An ageing population will be subject to a range of ailments that need to be monitored with care. People with heart conditions may need to make regular checks on their blood pressure. Those with diabetes will need to keep a close eye on blood sugar levels. The 2020s will offer us more and more sophisticated wearable tech, with health devices enabling us to monitor our vital signs and make suitable adjustments to our medication, exercise or all-round lifestyle.
At first glance Omron’s HeartGuide may look like a normal wristwatch, but it enables wearers to track heart, activity and sleep data. It’s the world’s first clinically verified, wearable blood pressure monitor. Blood pressure wristbands were also on show at CES, along with wearable blood glucose testing kits. Healthcare isn’t just getting more sophisticated, it’s getting more convenient.

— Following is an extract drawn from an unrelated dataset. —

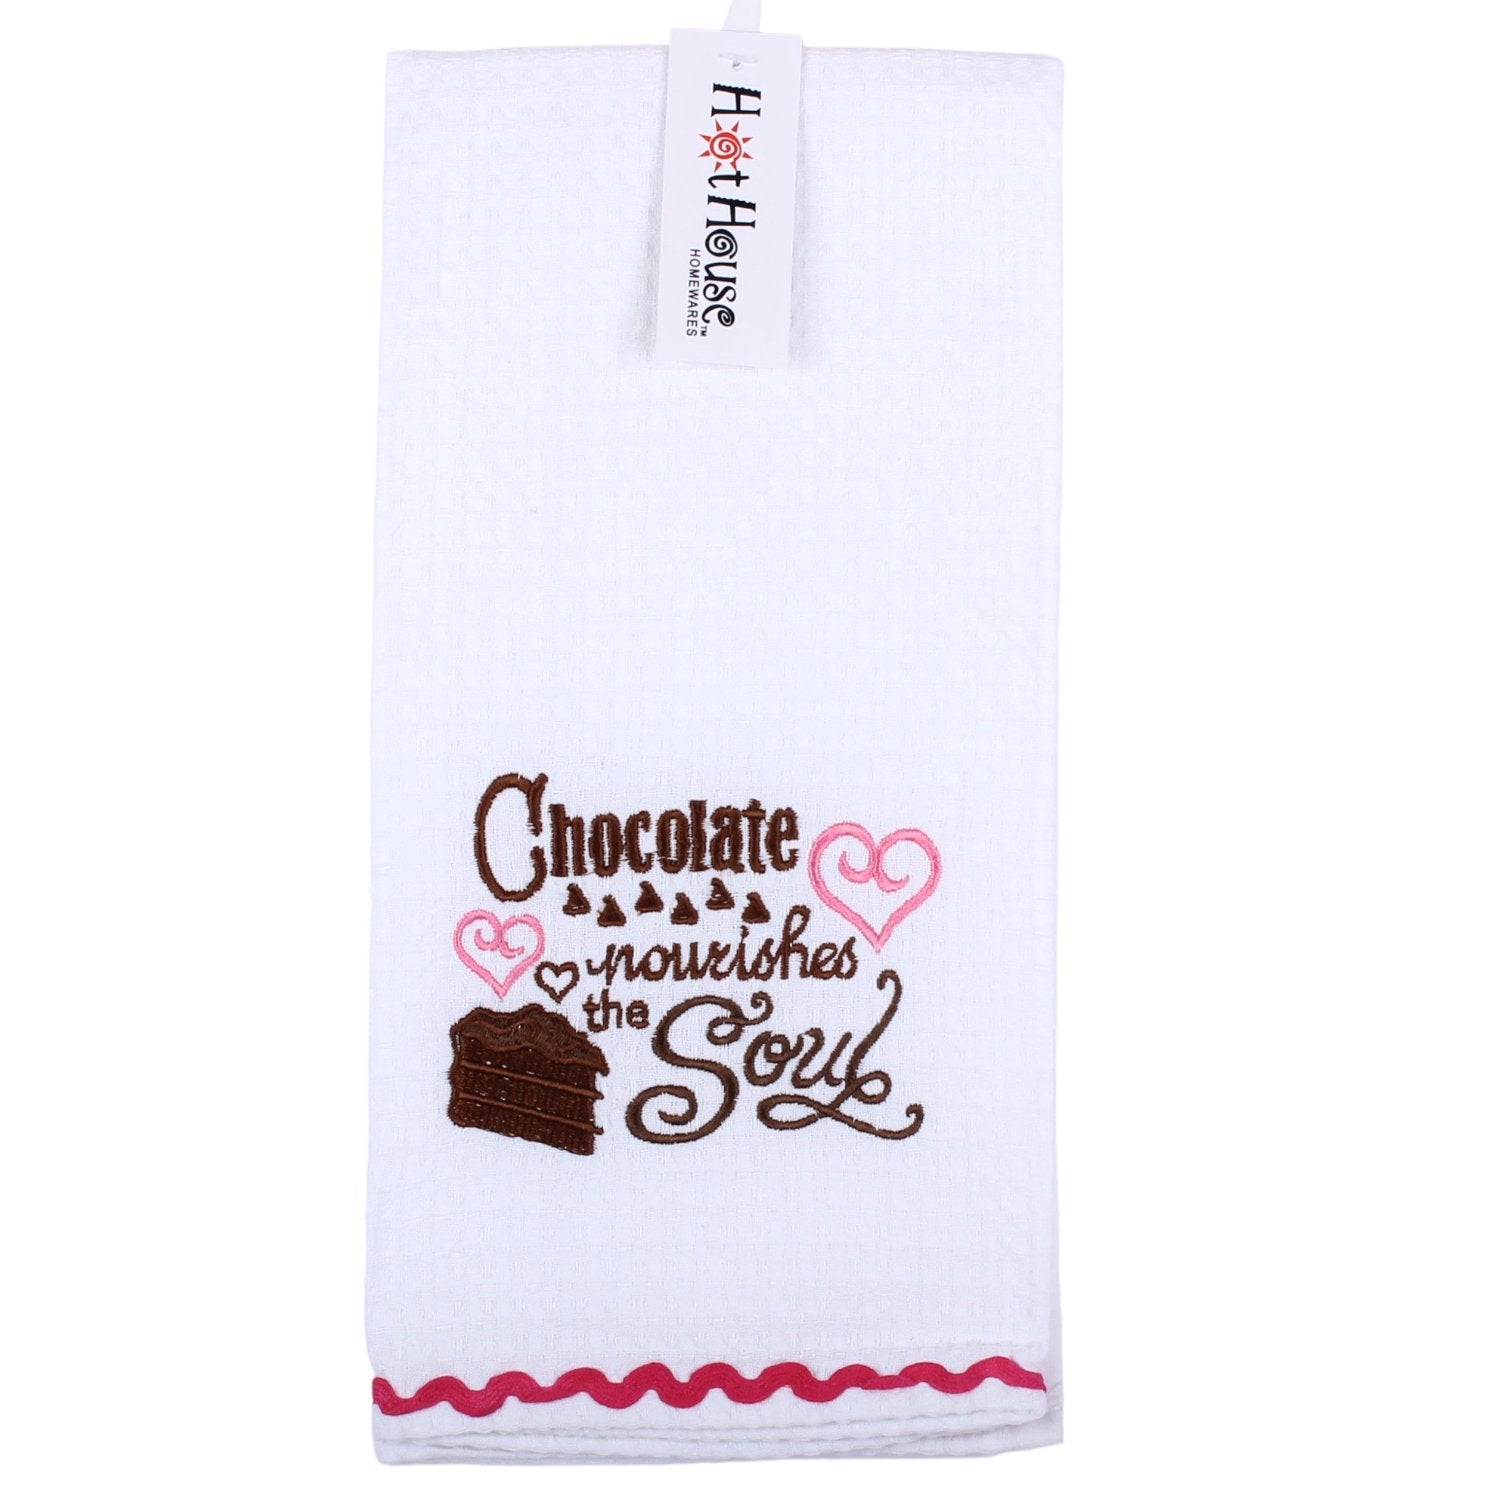 Chocolate nourishes the soul tea towel - Beautiful Gifts

It’s also highly lucrative. By 2024 the digital health monitoring market is forecast to reach a global value of $245 billion.
That’s a quarter of a trillion dollars.
This attention to personalisation is also prominent in other areas of healthcare and life sciences. Pharmacogenomic testing can use our genetic profiles to predict how far a certain course of treatment will benefit us. If a drug is tested on a large population sample and the end result is an average response report, it may have limited benefits for certain patients. Pharmacogenomic analysis looks at how individuals respond to drugs, fuelling more accurate clinical decisions that may result in adjustment of dosages or completely different treatment choices.

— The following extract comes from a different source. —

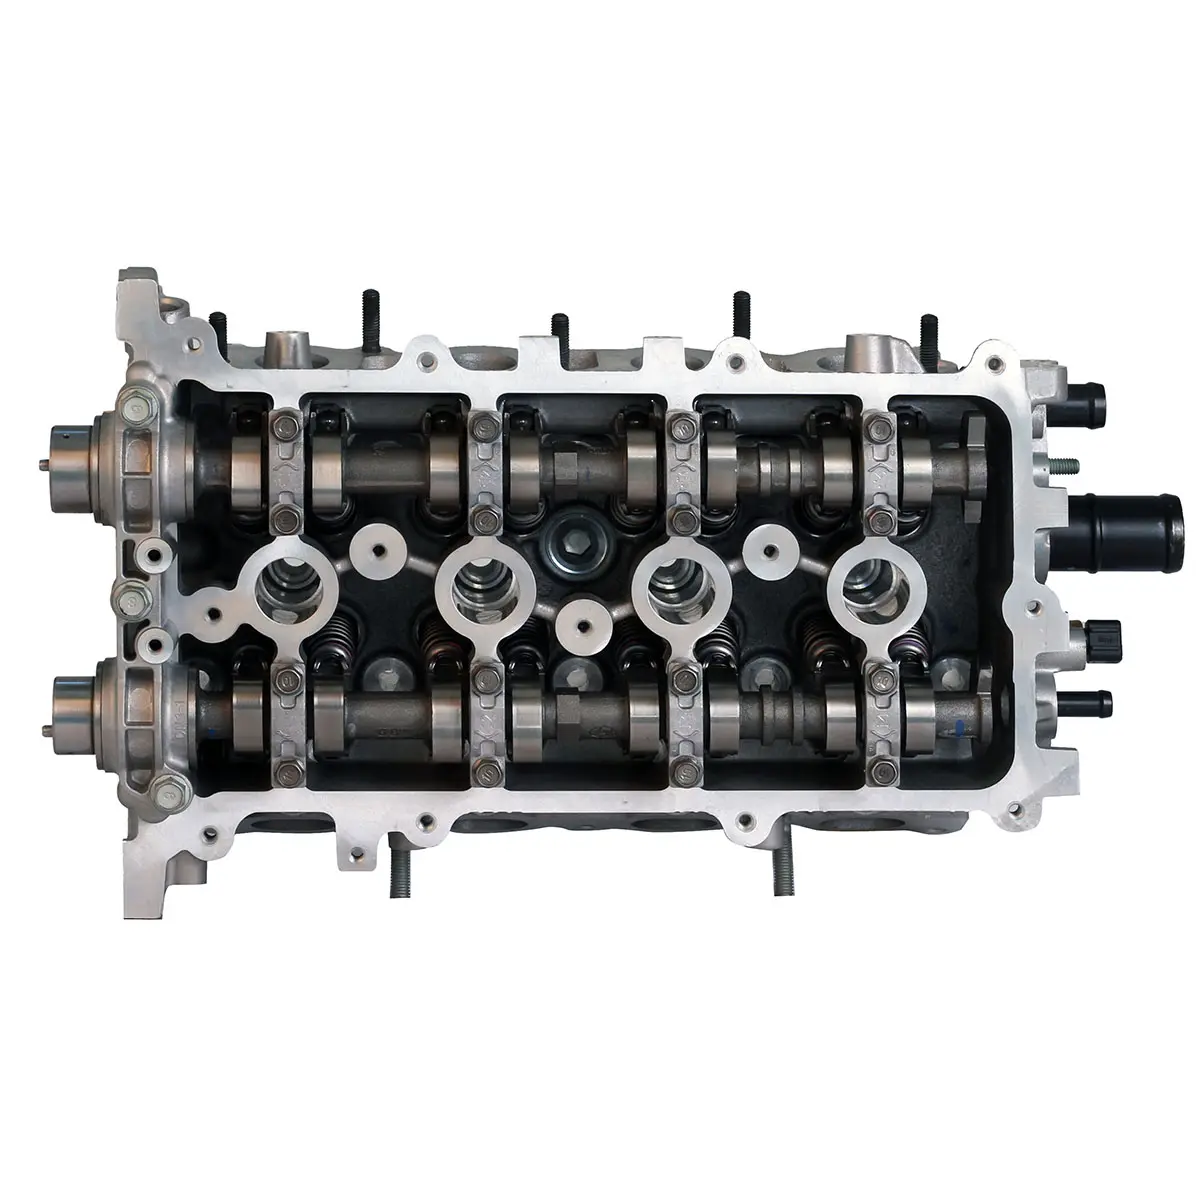 OEM Engine Parts G4LA G4LC 1.2L 1.4L Cylinder Head For Hyundai Renner I10 I20 KIA Rio Picanto Huanchi K2

The message for life sciences and healthcare companies could not be clearer; one size does not fit all. We will succeed by treating patients as individuals. That doesn’t just mean analysing their genetic response to a drug; it also means paying attention to their emotional response to treatment. Vulnerable people undertaking a clinical trial need and deserve respect and care. Every aspect of their treatment and every aspect of the communication relating to it should be tailored to their needs. When it comes to patient care, there’s a lot to be said for getting personal.